Saturday, September 25, 2021

Murder at the Gallop

MGM's British unit produced four films in the early 1960s starring Margaret Rutherford as Agatha Christie's detective Jane Marple. TCM ran all four of them back in August during Rutherford's day in Summer Under the Stars, although I only had enough space on my DVR to record one of them, Murder at the Gallop. I recently got around to watching it and doing a review on it here.

At the start of movie, Marple is going around town with her companion and custodian of the local library, Mr. Stringer (Rutherford's real-life husband Stringer Davis, reprising his role from the first of the movies, Murder She Said), to raise money for a local charity. One of the stops is at the big manor-type house of a rich old man, Mr. Enderby (Finlay Currie), notorious for not donating to charity. He lets them in, however, where they find him getting scared by a cat and suffering fatal heart attack in the process!

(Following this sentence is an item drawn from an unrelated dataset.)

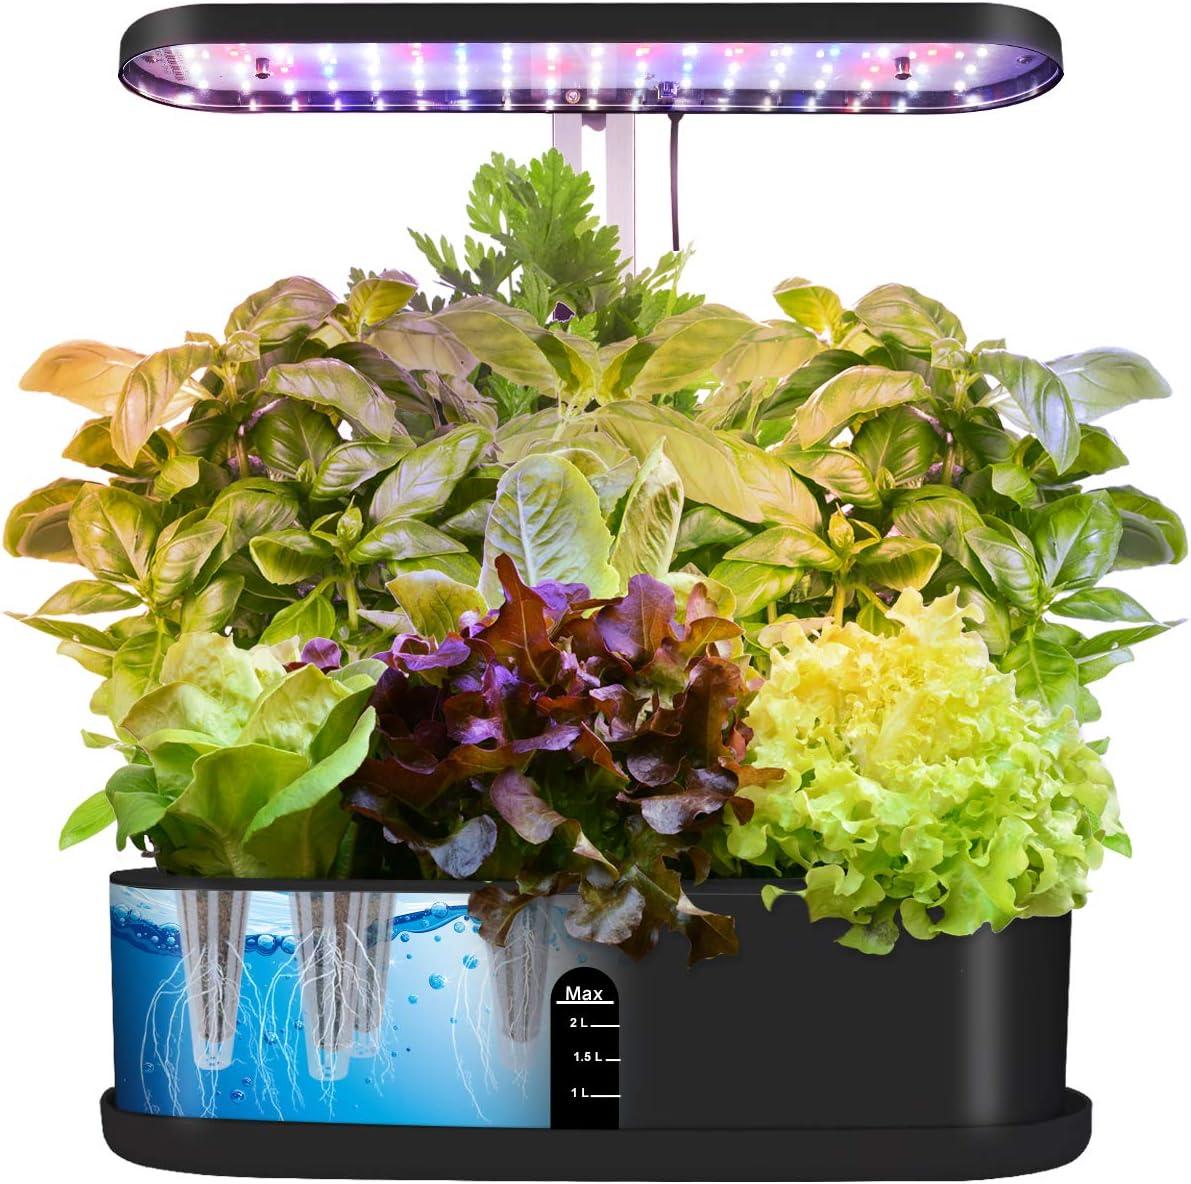 10 New York Mall Pods Hydroponics Growing System Herb Garden Indoor shopping Germinati

Miss Marple just knows that it's murder, and figures that the last person before them to show up at the house deliberately brought a cat in order to induce that heart attack. So even before local police inspector Craddock (Charles Tingwell, also reprising his role in Murder She Said shows up, she's trying to get evidence, which you'd think would be a crime since she's technically impeding a legitimate police investigation.

Except that the police don't believe it was murder, just a run of the mill heart attack, leaving Marple free to come up with her batty conspiracy theories. Well, of course, this being Miss Marple maybe they're not so batty. First she concludes that the murderer, whoever it was, must have come over on horseback as she's able to get an impression of a riding boot. Find out whose boot it matches, and you've got the murderer. She also eavesdrops on the reading of the will.

Among the heirs is Enderby's sister Cora, so Marple goes to visit Cora, finding her dead, and a housekeeper Miss Milchrest (Flora Robson) who wonders whether Marple is in fact the killer. As for the other heirs, there's Enderby's nephew Hector (Robert Morley) who runs a local inn that also provides horse riding as part of the recreation; art dealer Crossfield (Robert Urquhart); and Mr. and Mrs. Shane. All of the heirs are staying at Hector's in the Gallop, so Marple decides she's going to take a "vacation"... at the Gallop.

Some vacation, since it's patently obvious that she's going to investigate the murder. Along the way, she's going to be put in a bit of danger as she finds everybody is a suspect. But you know that she's ultimately going to figure out who the killer is.

Eddie Muller, in the wraparounds, stated that this particular movie is based on one of Christie's books that did not in fact have Miss Marple among the characters. So for Agatha Christie purists, they may not like the movie as a result. I more or less liked it, as the mystery is good enough and Margaret Rutherford brings the same humor to the Marple role that she did in Murder She Said. I have to admit, however, that I preferred Murder She Said.

Still, anybody looking for a relatively undemanding mystery can enjoy Murder at the Gallop.